# Bilberry Wheel Cleaner.



## Mikesphotaes (Jul 24, 2016)

I am completely new to this world and have certainly had my eyes opened on this site.

I read about the wheel cleaner and my local detailer Ultimate Shine in Stirling on here.

Popped down and the fella advised me to dilute the litre to five litres, even gave me an empty container for it.

Anyway have just used it and am totally amazed at how good it is.

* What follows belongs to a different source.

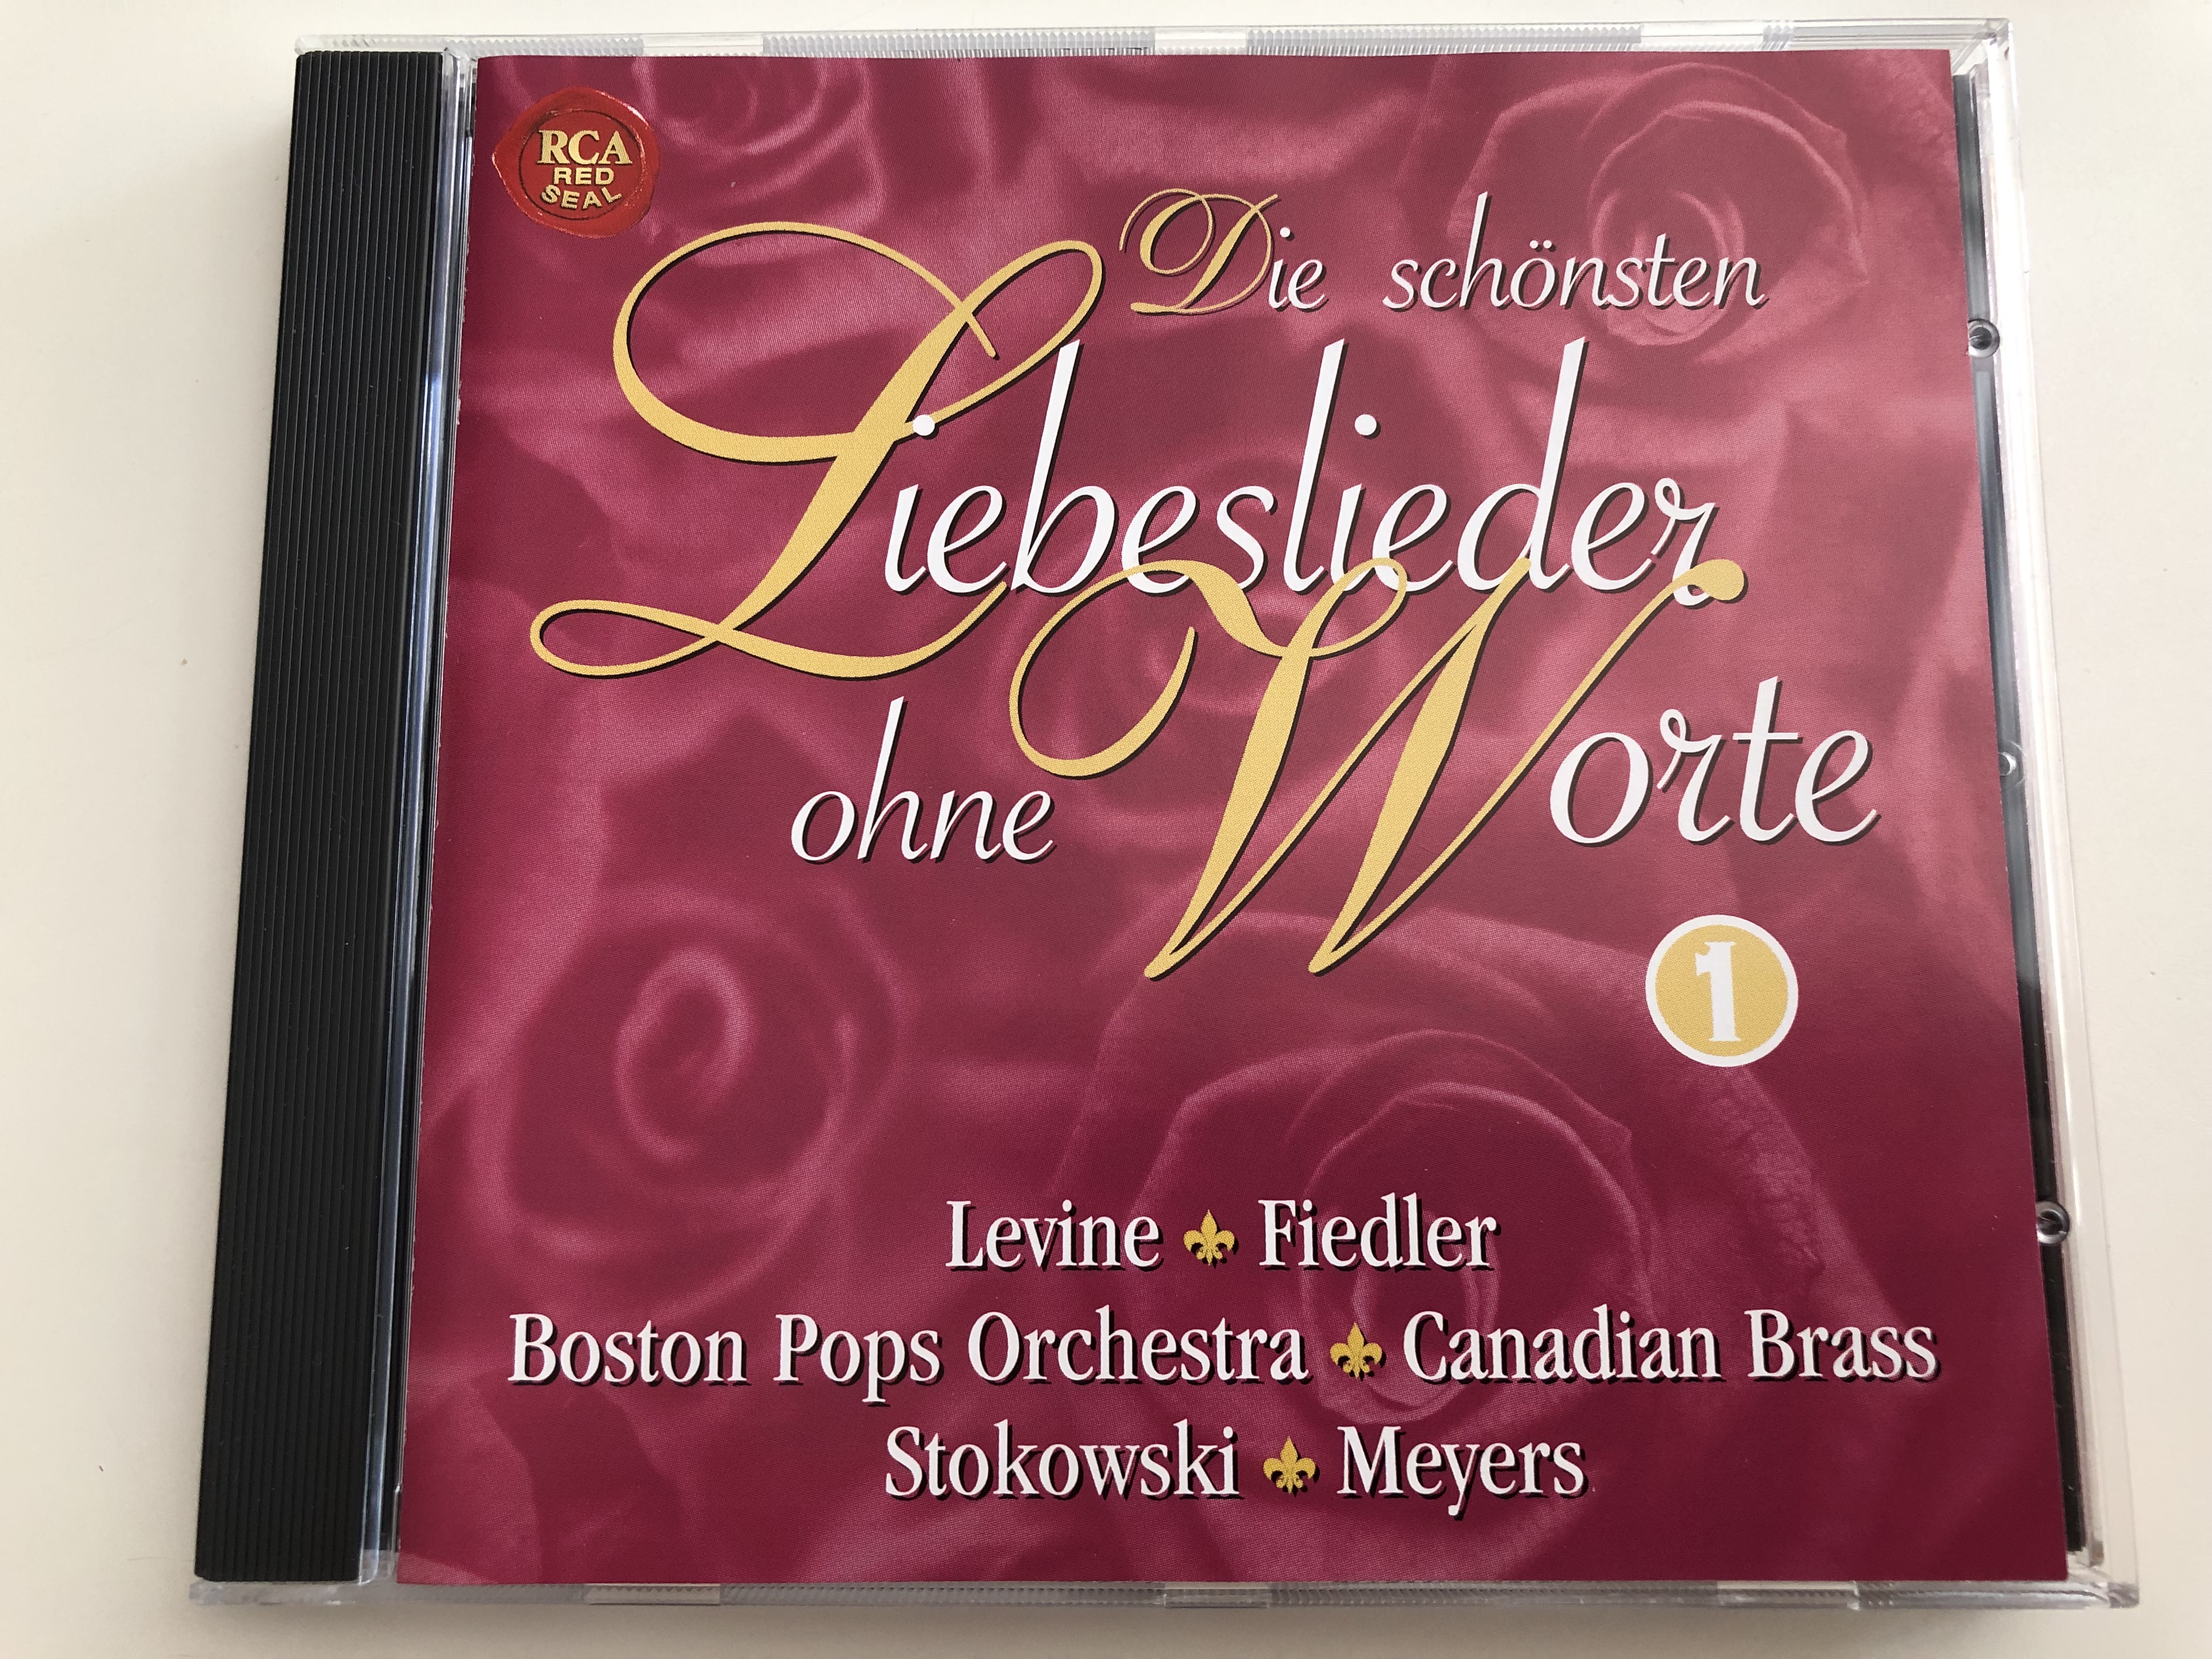 die-sch-nsten-liebeslieder-ohne-worte-vol-1.-levine-fiedler-boston-pops-orchestra-stokowski-meyers-the-most-beautiful-love-songs-instrumental-audio-cd-volume-1-1-.jpg

I was considering having my wheels refurbished, although they were still not too bad, but think I have just saved myself a couple of hundred quid!


----------



## Brian1612 (Apr 5, 2015)

It is a decent wheel cleaner for maintenance washes but there are now newer wheel cleaner products that have the same performance at a higher dilution again or cheaper to buy. The market is constantly evolving.


----------



## Mikesphotaes (Jul 24, 2016)

No doubt my expectations will increase but, for the moment, still well-chuffed!


----------



## st1965 (Apr 21, 2016)

Yeah billburry is a good probuct...always got some tucked away in my detailing storage box !


----------



## steelghost (Aug 20, 2015)

Give Auto Glanz Alkalloy a go, cracking stuff.


----------



## AIRTUNE UK (Dec 24, 2015)

The more instant the clean, the more likely the cleaner is to be aggressive. A tough call to find the right balance if you are in business washing wheels. Regular cleaning with warm soapy water is all you should need on your own wheels as regular use of anything mildly acidic will slowly but surely degrade the lacquer, dull the finish and lead to possible water penetration which will discolour - readily seen on diamond cut wheels when the lacquer has been damaged. My local car wash no longer use their wheel cleaner on my vehicle as I asked them not too because I could see the way the wheel hub brightened up after using their liquids was because it was acidic. It only needs them to mix one batch with the wrong dilution and the wheels could be looking very poorly very quickly! Take care.


----------



## Brian1612 (Apr 5, 2015)

First wheel cleaner I ever purchased when I started looking after the cars was Autoglym wheel cleaner. Acidic as hell, stunk and left my skin burning. Truly horrible stuff and in all honesty although they have a place for poorly maintained wheels now and again, I wouldn't use another one again. 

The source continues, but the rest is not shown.